To provide a comprehensive synthesis of the effects of Zn supplementation on childhood body composition and adiposity-related hormone levels.
Five electronic databases were searched for randomized controlled trials of Zn supplementation studies published before 28 February 2015. No statistical pooling of results was carried out due to diversity in study designs.
Community- or hospital-based, from fourteen developing and developed countries.
Children and adolescents aged 0 to 10 years.
Seven of the fourteen studies reported an overall or subgroup effect of Zn supplementation on at least one parameter of body composition, when determined by anthropometric measurements (increased mid upper-arm circumference, triceps skinfold, subscapular skinfold and mid upper-arm muscle area, and decreased BMI). Three out of the fourteen studies reported increased mean value of total body water estimated by bio-impedance analysis and increased fat-free mass estimated by dual energy X-ray absorptiometry and by total body water. Zn supplementation was associated with increased fat-free mass among stunted children. One study found supplementation decreased leptin and insulin concentrations.

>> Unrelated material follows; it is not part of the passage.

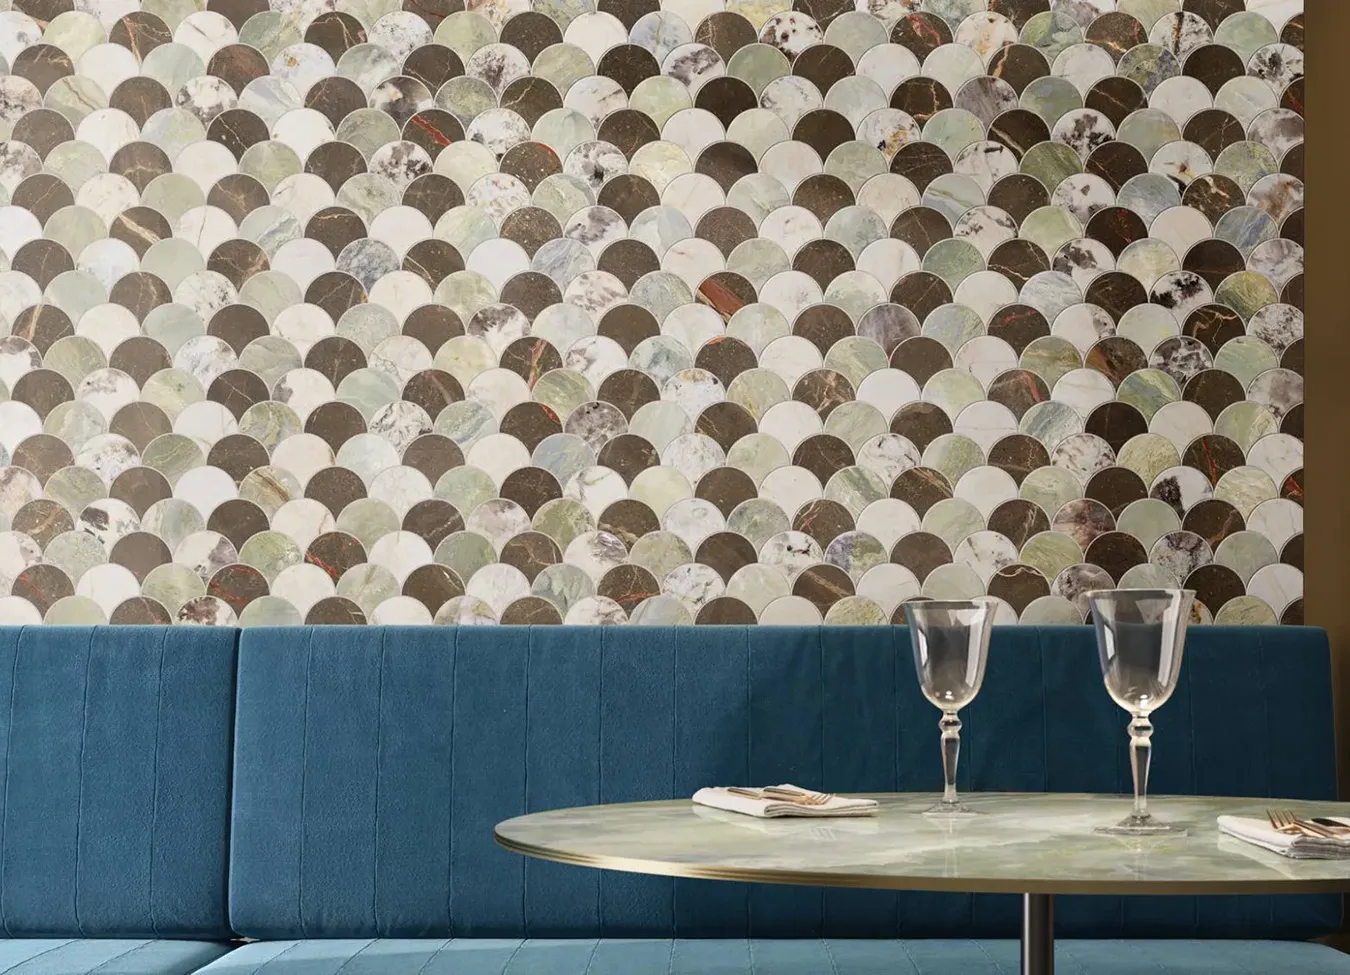 Wand aus Steinzeug in Marmoreffekt mit Mosaikdesign aus der 9cento-Kollektion in einem stilvollen Restaurantambiente.

Due to the use of anthropometry when determining body composition, a majority of the studies could not accurately address whether alterations in the fat and/or fat-free mass components of the body were responsible for the observed changes in body composition. The effect of Zn supplementation on body composition is not consistent but may modify fat-free mass among children with pre-existing growth failure.